Materials and Methods: A total of 268 international bread wheat genotypes, obtained from the Institute of Plant Genetics and Crop Plant Research (IPK) in Germany, along with 6 control varieties (both salt-tolerant and salt-sensitive) including Tritipyrum, Superhead, Kavir, Sabalan, Karchia, and Gaspard, were evaluated during the 2020-2021 growing season in an augmented design with 3 blocks at the research farm of the Plant Production Technology Research Institute, Shahid Bahonar University of Kerman. To apply salt stress, irrigation with saline water began at the tillering stage with a salinity level of 8 dS/m. It was progressively increased by 1 dS/m with each irrigation cycle until it reached 12 dS/m, continuing until the physiological maturity of the plants. Physiological traits measured included carbon dioxide, stomatal conductance, photosynthesis rate (measured using a photosynthesis meter: ADC Bio Scientific Limited, UK), as well as morphological and agronomic traits including days to heading, days to maturity, flag leaf width, plant height, number of the fertile spike, grain weight per plant, number of grains per plant, number of grains per unit area, thousand-grain weight, biological yield, and grain yield during the entire growth period. Genotyping was performed using a 9K single nucleotide polymorphism (SNP) array at TraitGenetics GmbH, Germany. SNP markers were filtered based on an allele frequency threshold of 0.01 and a missing genotype rate higher than 0.05 to reduce the likelihood of false positives. Population structure analysis and precise categorization of the genotypes into appropriate subpopulations were carried out using the LEA package in R. The optimal number of subpopulations (K) was determined to be 5, after testing a range of 1 to 10. Marker-trait association (MTAs) analysis between the phenotypic data and SNP markers was performed using the TASSEL software and the General Linear Model (GLM) method. The significance threshold was determined by utilizing Ji and Li's method, where the error rate was calculated based on the formula for effective independent tests (n). The LOD score of 3.6 was used as the significance threshold. A total of 17,093 SNP markers were used for population structure analysis and comprehensive genome-wide association study (GWAS).

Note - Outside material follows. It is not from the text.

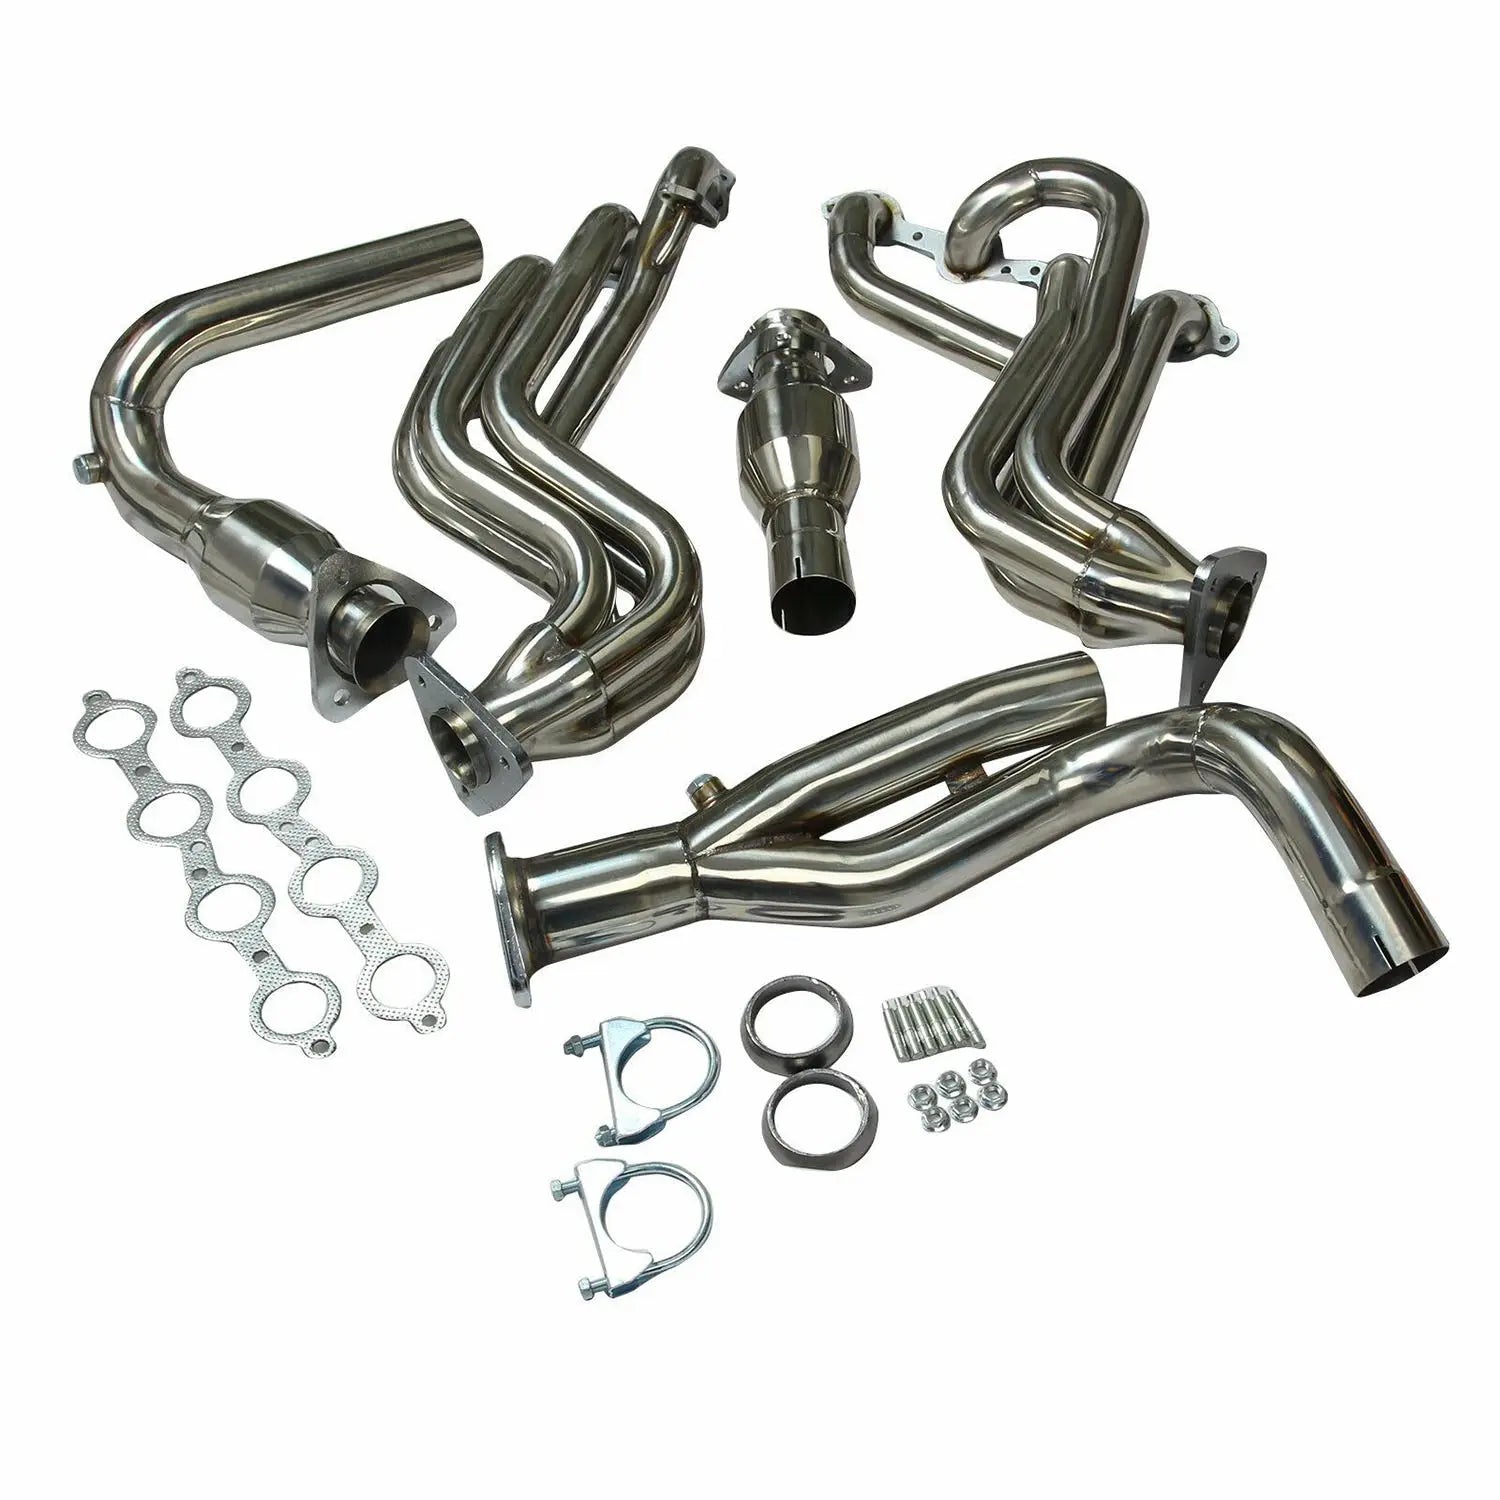 Exhaust Header for 1999-2006 GMC/Chevy GMT800 V8 Engine Stainless Manifold Flashark

Results: The number of subpopulations (K) was tested from 1 to 10, with an optimal K value of 5 determined for this dataset. According to the GWAS results, a total of 104 marker-trait associations (MTAs) were identified for various traits. The number of MTAs identified in the D genome was much lower than in the A and B genomes. Specifically, the A genome contained 39 MTAs, the B genome contained 49 MTAs, and the D genome contained only 16 MTAs. This discrepancy is likely due to the relatively low genetic diversity and limited gene flow in the D genome. Among the traits studied, the number of days to spike emergence showed the highest number of MTAs, with 21 MTAs identified. In contrast, traits such as photosynthesis rate, carbon dioxide, and flag leaf width were each found to have only one MTA, the lowest number of marker-trait associations among all the traits studied. The markers Jagger_c4412_265, BobWhite_c5694_120, and BS00088733_51 were associated with more than one phenotypic trait, suggesting the potential presence of pleiotropic effects or linkage between loci controlling multiple traits. These markers can be used to simultaneously improve several traits and thus enhance wheat performance under salt stress conditions.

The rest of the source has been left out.